= Data below =
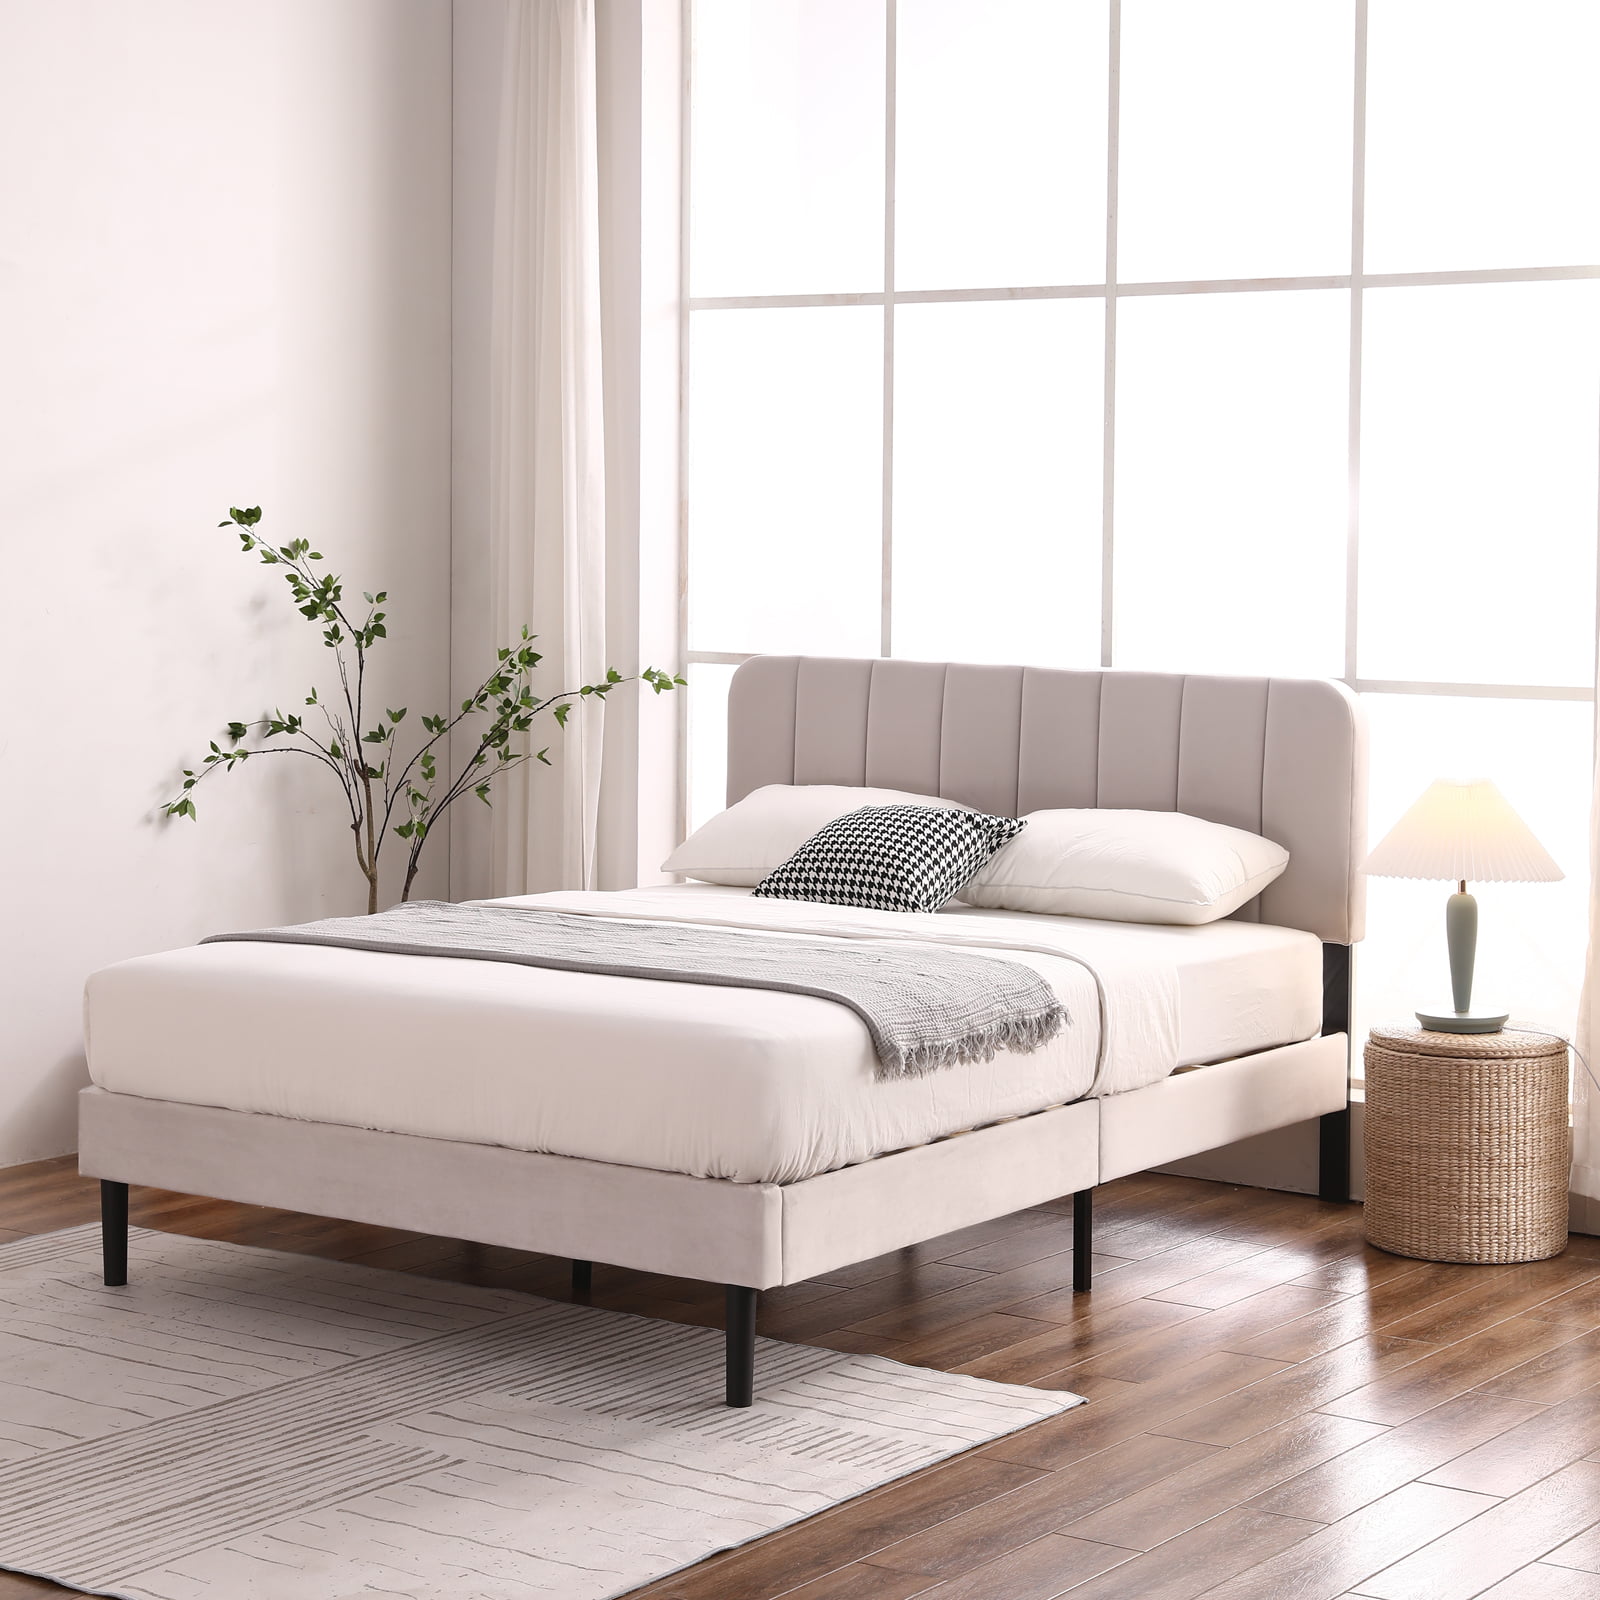 Full Upholstered Platform Bed, HSUNNS Full Size Bed Frame with
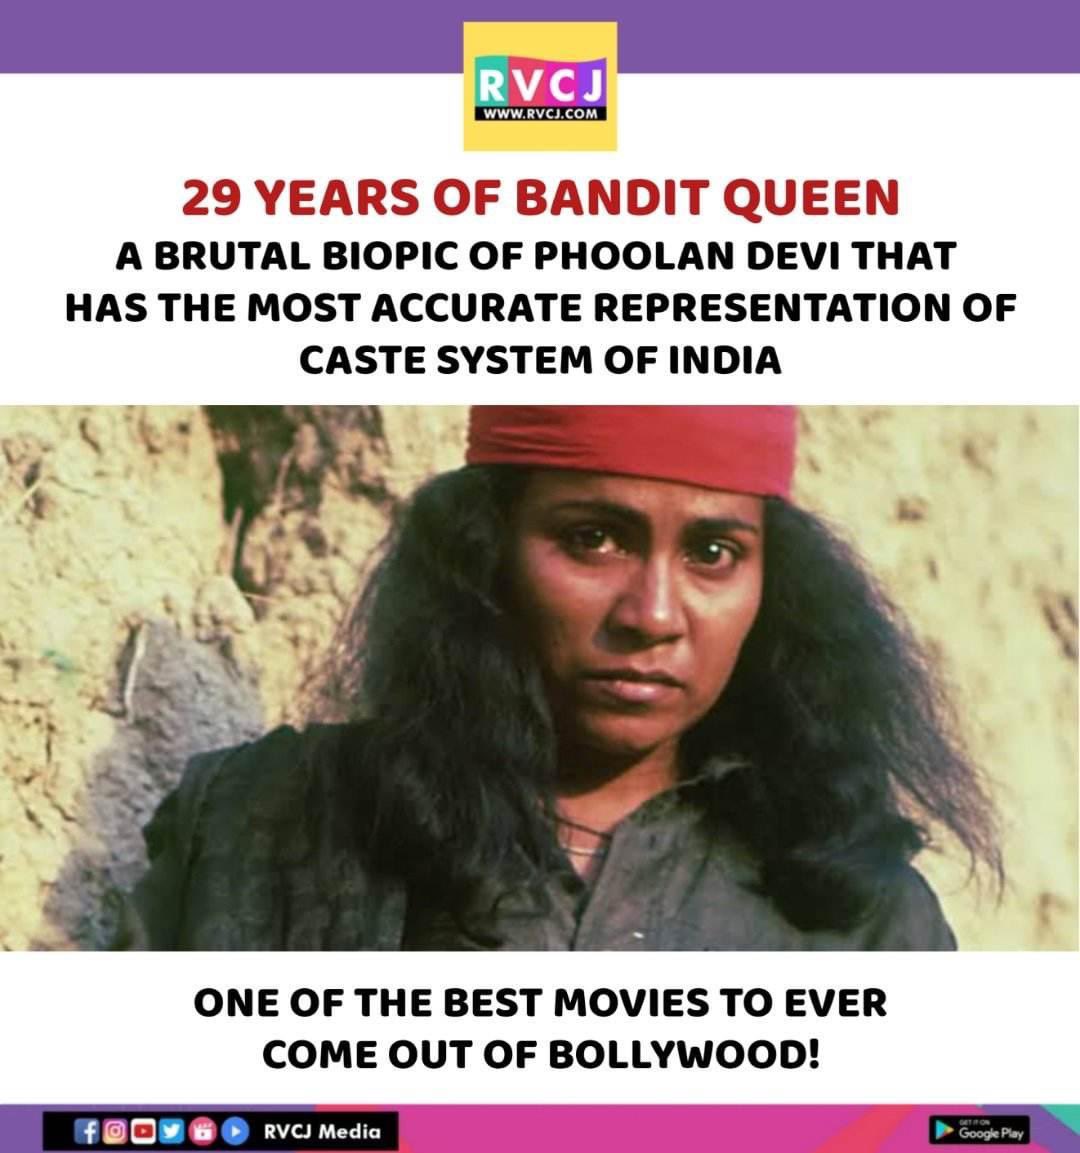 29 Years of Bandit Queen!
#banditqueen #phoolandevi #seemabiswas #shekharkapur #manojbajpayee #bollywood #rvcjmovies @shekharkapur

= Problem statement =
Copy the listing above verbatim, leaving out pictures.

= Written response =
 Full Upholstered Platform Bed, HSUNNS Full Size Bed Frame with
 29 Years of Bandit Queen!
#banditqueen #phoolandevi #seemabiswas #shekharkapur #manojbajpayee #bollywood #rvcjmovies @shekharkapur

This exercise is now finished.